** SOURCE DATA follows **

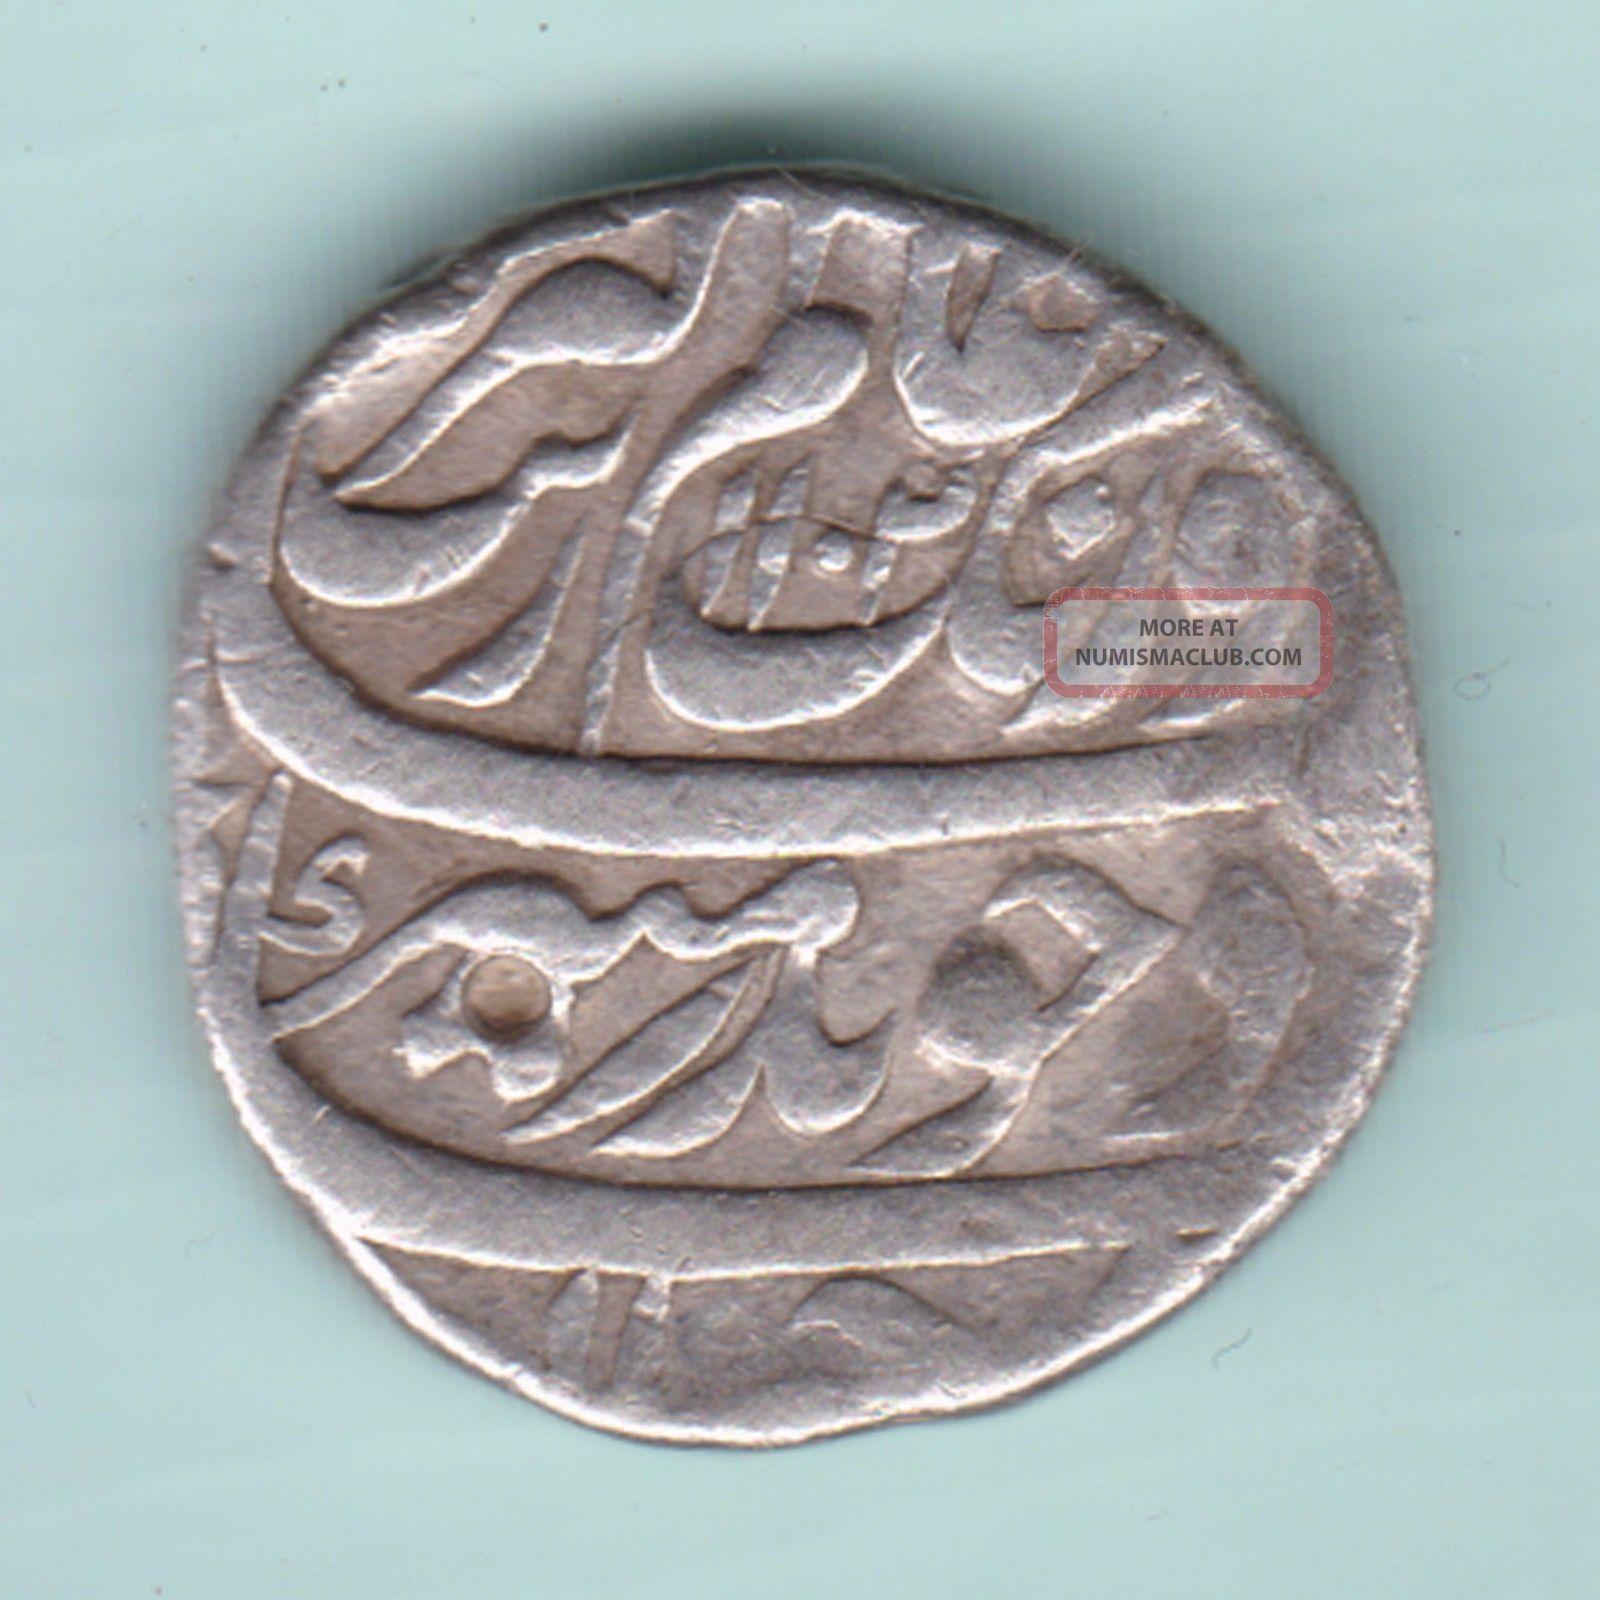 Mughal India - Ah 1102 - Aurangzeb Alamgir - Shahjahanabad - One Rupee - Rare India photo
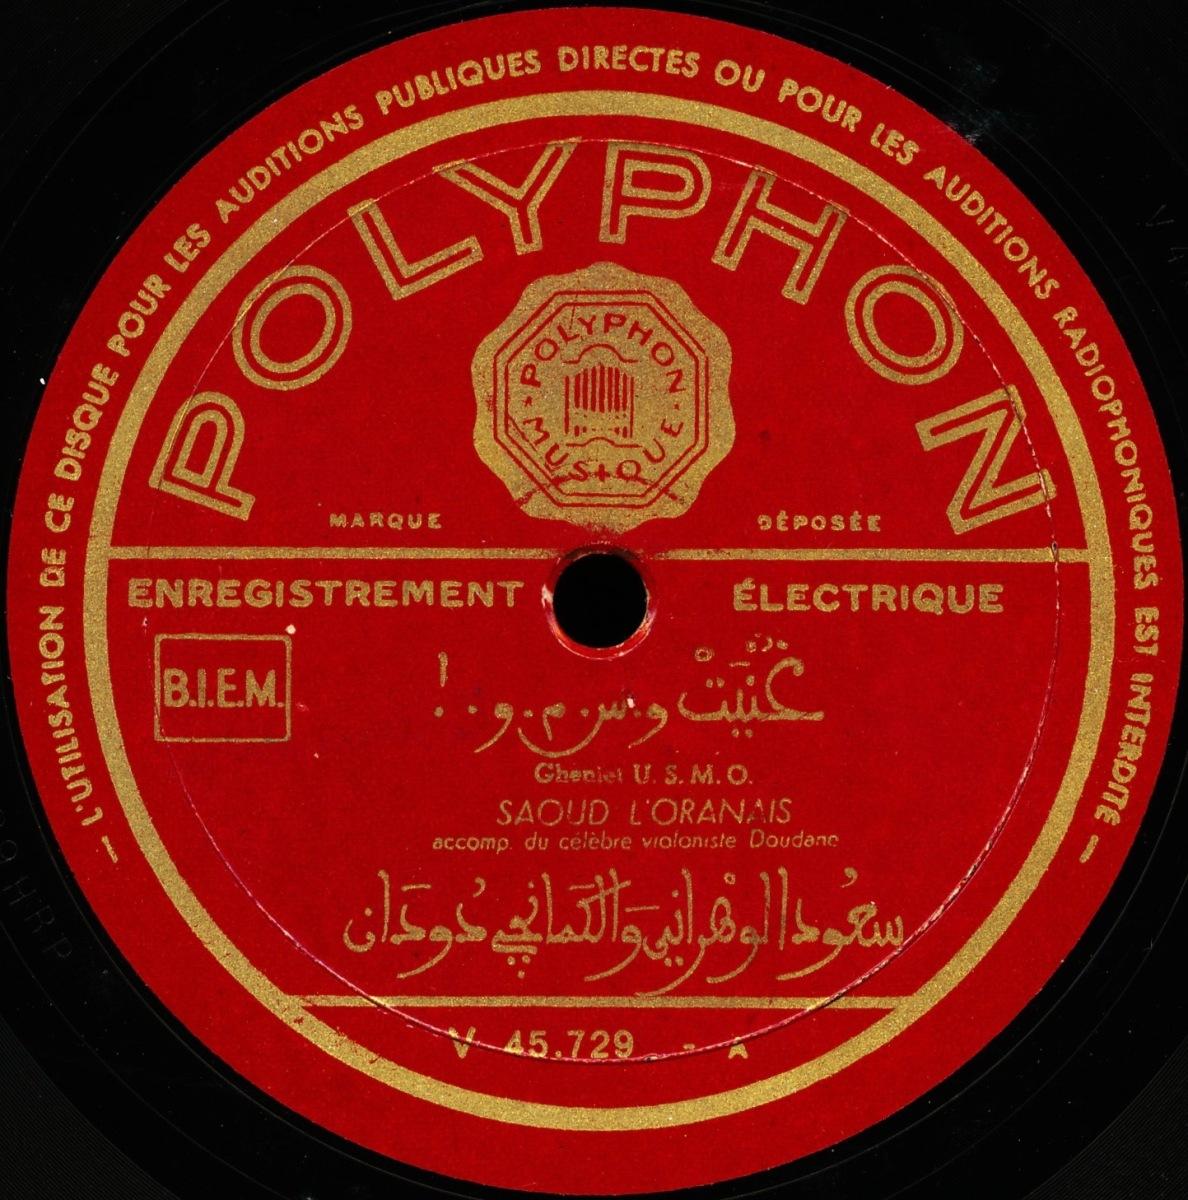 Saoud l'Oranais - Gheniet U.S.M.O. - Polyphon, 1934
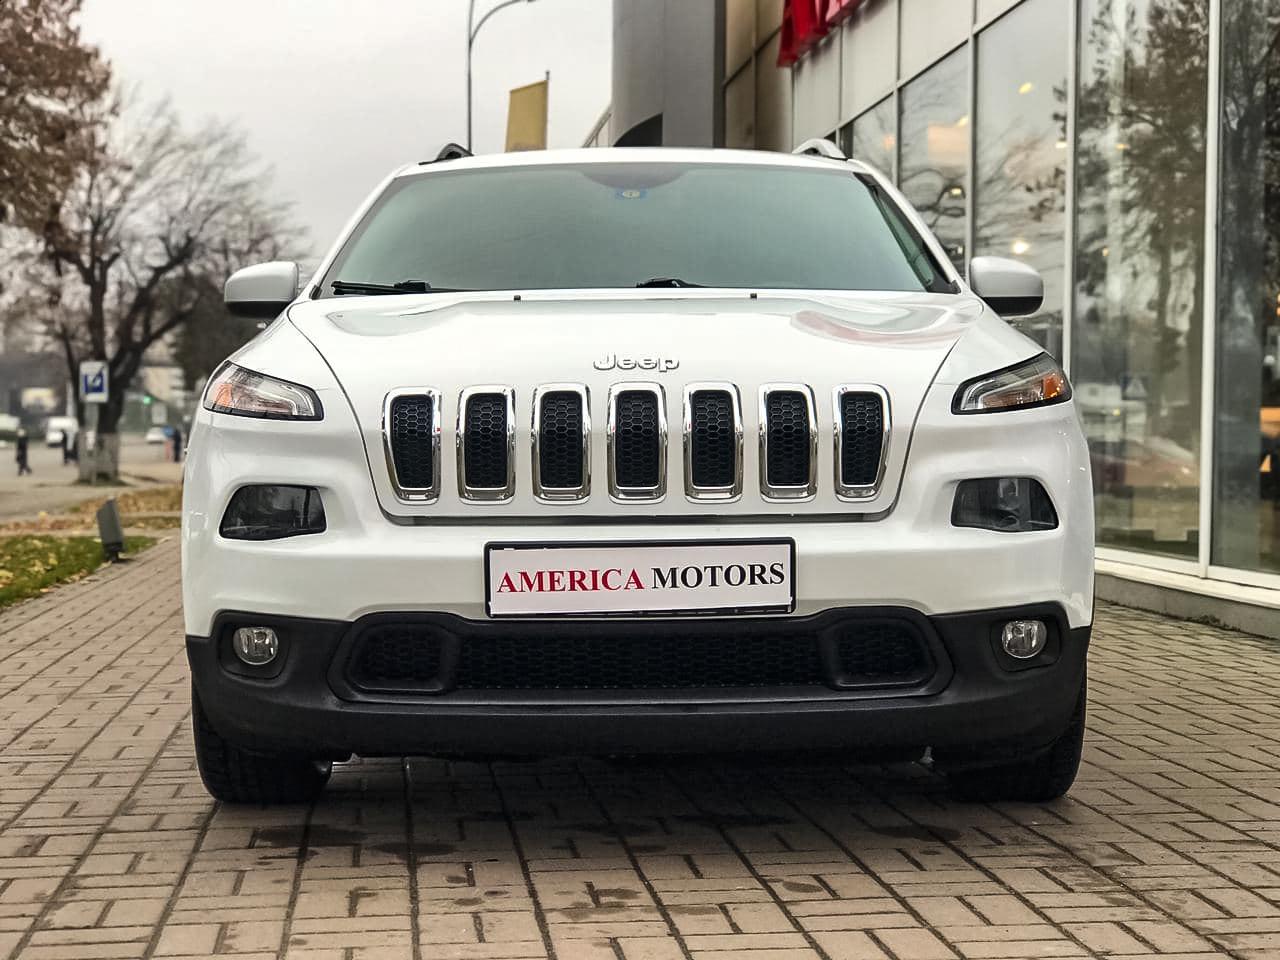 2017 Jeep CHEROKEE | Vin: 1C4PJLLB9JD590641
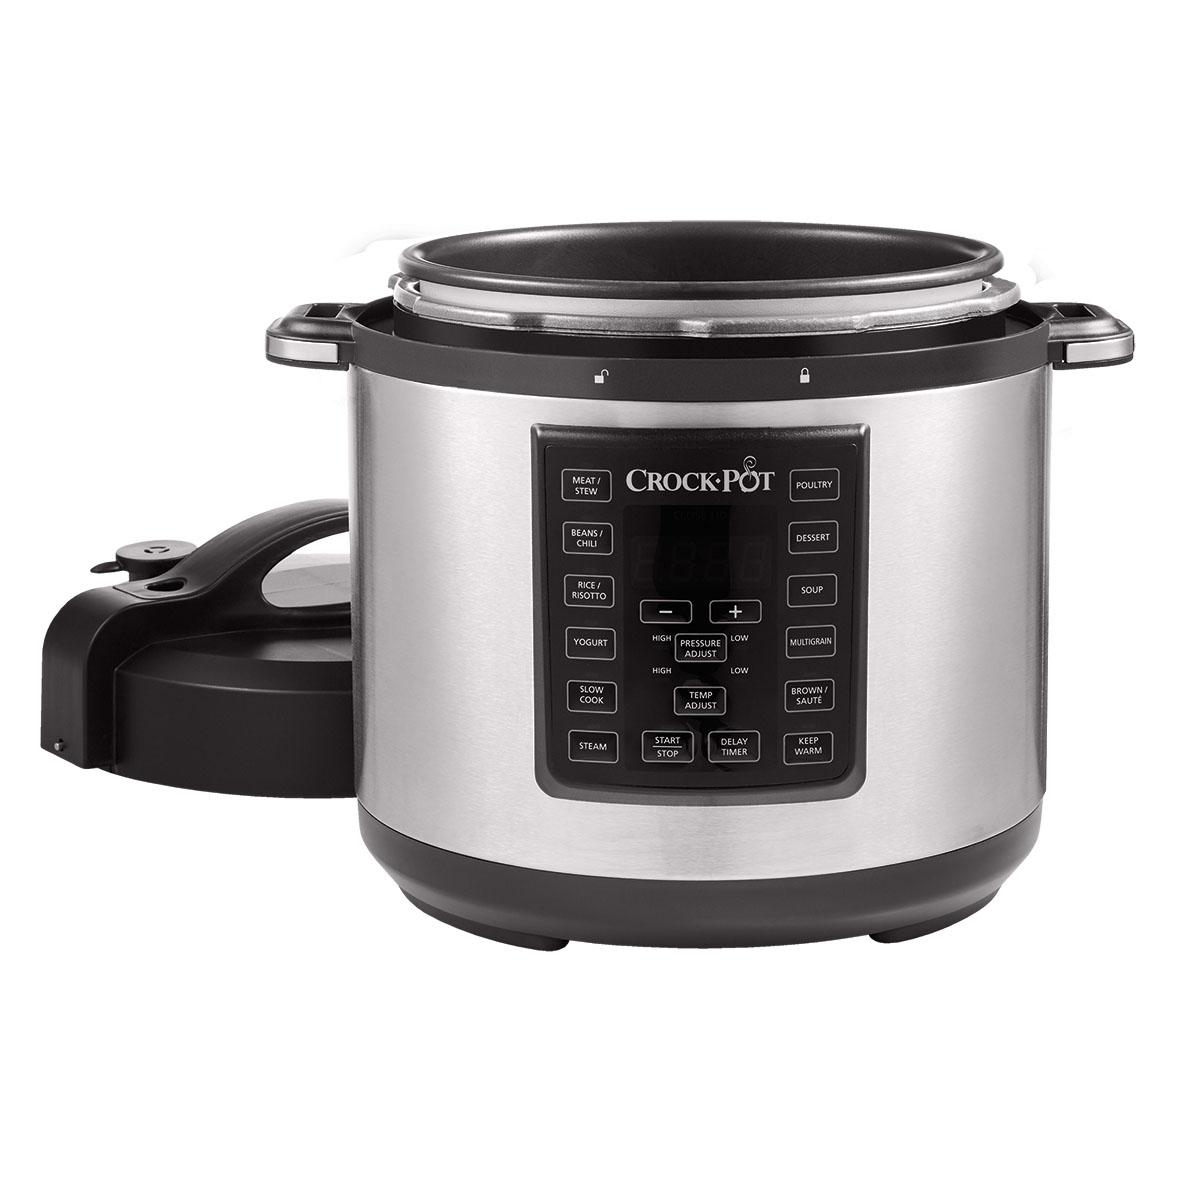 Crock-Pot® Express Crock Multi-Cooker - SCCPPC600-V1-033 ...

** End of SOURCE DATA **

= TASK PROMPT =
Nothing but the lines from the one containing "Saoud l'Oranais - Gheniet" through the end of the listing is to be output, and those lines are to be output exactly, pictures excluded.

= THE ANSWER =
 Saoud l'Oranais - Gheniet U.S.M.O. - Polyphon, 1934
 2017 Jeep CHEROKEE | Vin: 1C4PJLLB9JD590641
 Crock-Pot® Express Crock Multi-Cooker - SCCPPC600-V1-033 ...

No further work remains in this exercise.